The seller states that he is handling the sale of this truck for a family and he is, “Happy to answer questions, though our knowledge is limited.” That line and the paucity of listing specifics would make one think that this is just a flip. This Ford has supposedly has been in storage for years and is largely intact. It has a very southwestern “burned” look about it but the rust is clearly more than the surface variety as there are places in the fenders and running boards where there is rot-through. How extensive? Don’t know, you could try asking the question, however… The sheet metal is all in pretty reasonable condition, there are dents and dings and what-have-you but there is a definite Mad Max vibe going on here. I can’t say for sure what the spreader-bar thing attached to the front bumper is for. The images aren’t too good so it’s difficult to get a good look at it.

The 85 HP, 221 CI, flathead V8 is non-operational but the truck rolls, and we are told that it is mechanically and largely intact. As for the towing equipment, which may have been produced by the Manley Wrecking Crane Company of York, Pennsylvania, there is quite a byzantine arrangement of gears, chains, winches, booms, and arms in place, again unknown if any of it works. And if it does, it’s not likely that it would be appropriate for a run of the mill towing job on something like a Hyundai Sonata.

There is one poor image of the interior included and it looks rough, but that’s to be expected. The seat is ripped and surface rust abounds but there is no way to get a revealing glimpse. What is known is that trucks of this generation had a primitive and bare-bones interior environment and this one is probably that much more so considering its lot in life.

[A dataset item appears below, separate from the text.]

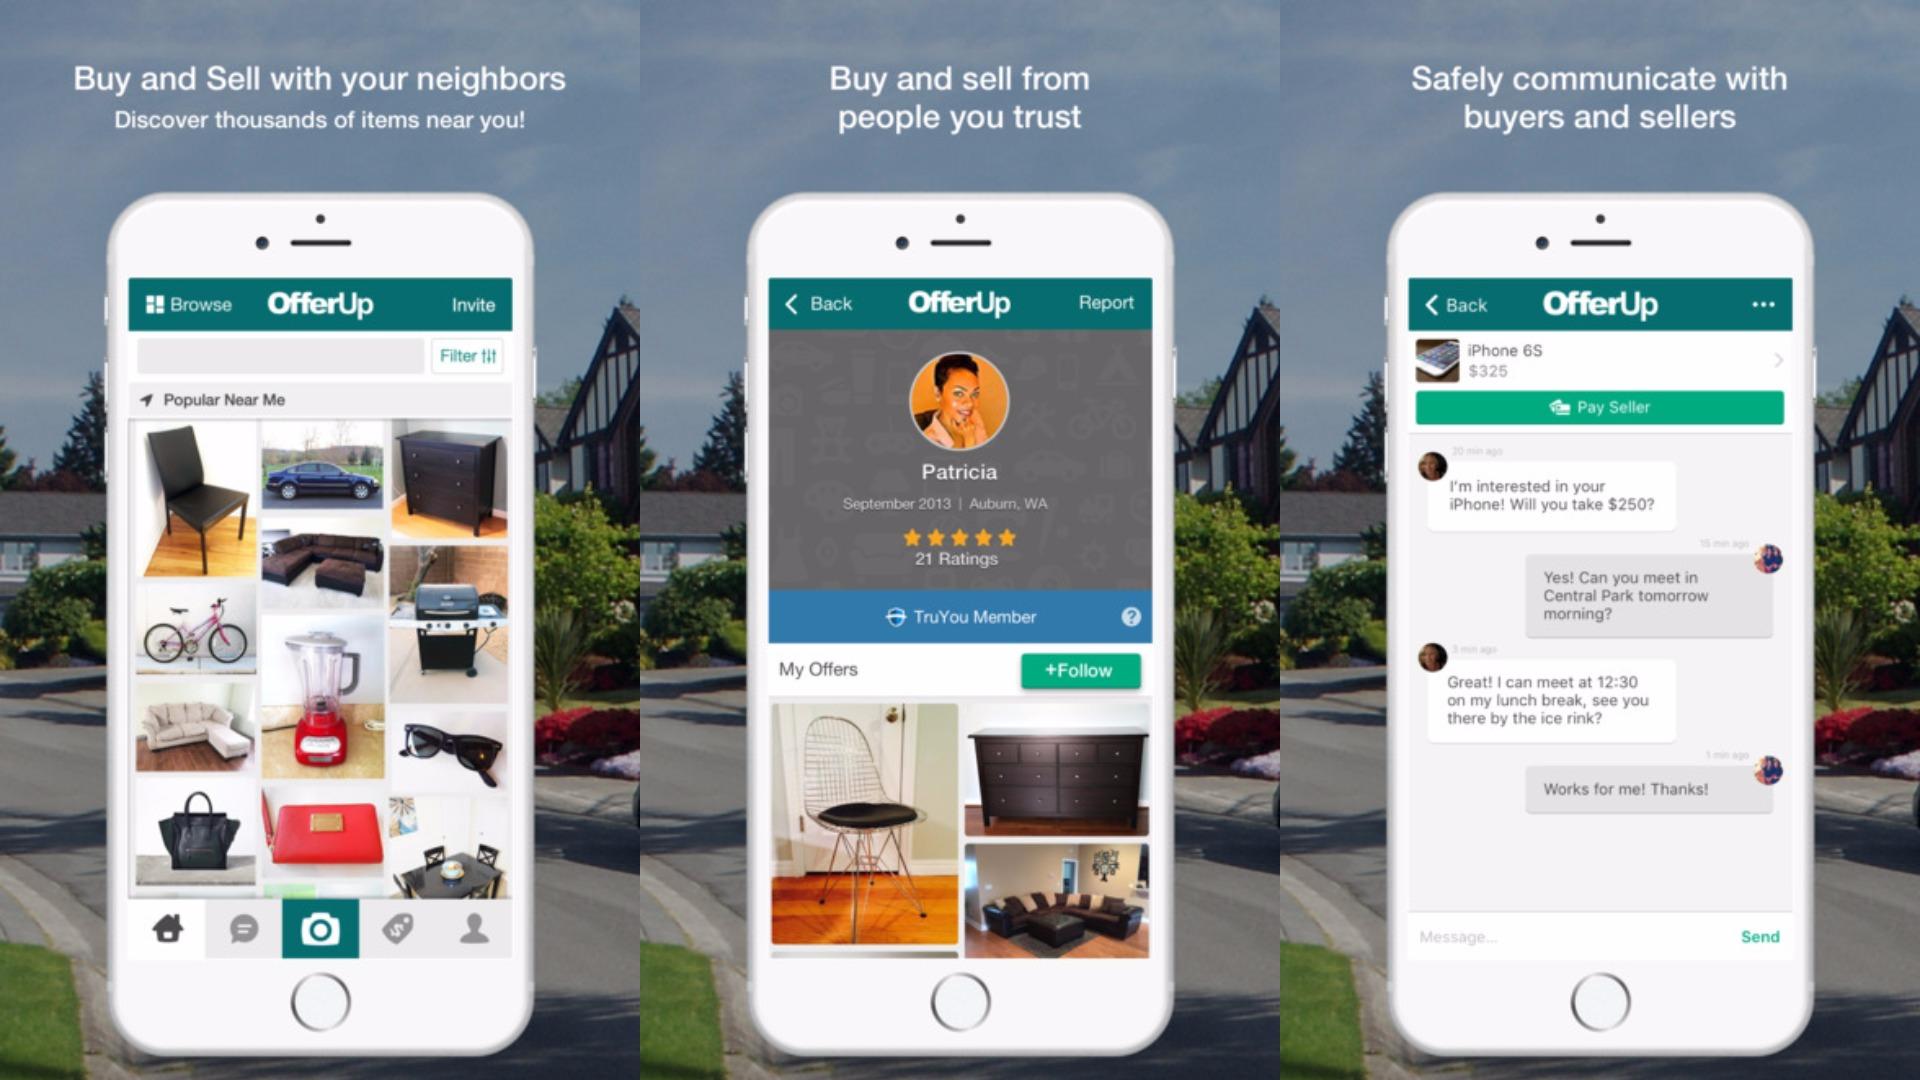 Display of app OfferUp

As for the purchase transaction, the seller advises, “Any cash transactions to take place at our local police department and on videotape”. Really! You would think this truck transaction might somehow be a magnet for counterfeiters or get confused with some sort of dope deal. Anyway,  the seller suggests that this truck is, “an excellent candidate for restoration, distressed hot rod or novelty mascot for your business”. Perhaps, but it is an expensive piece of business yard-art and some municipalities might just consider it an abandoned vehicle. The specific nature of this truck, a wrecker, parses it down even further, to a class of uniqueness. There’s probably not another one around and not an abounding interest. Unfortunately, we all recognize vehicles of this nature and opine about how they should be saved but saved by someone else. And I’m as guilty as the next person with that position. Yeah, it should be saved and/or restored but by whom and for what purpose?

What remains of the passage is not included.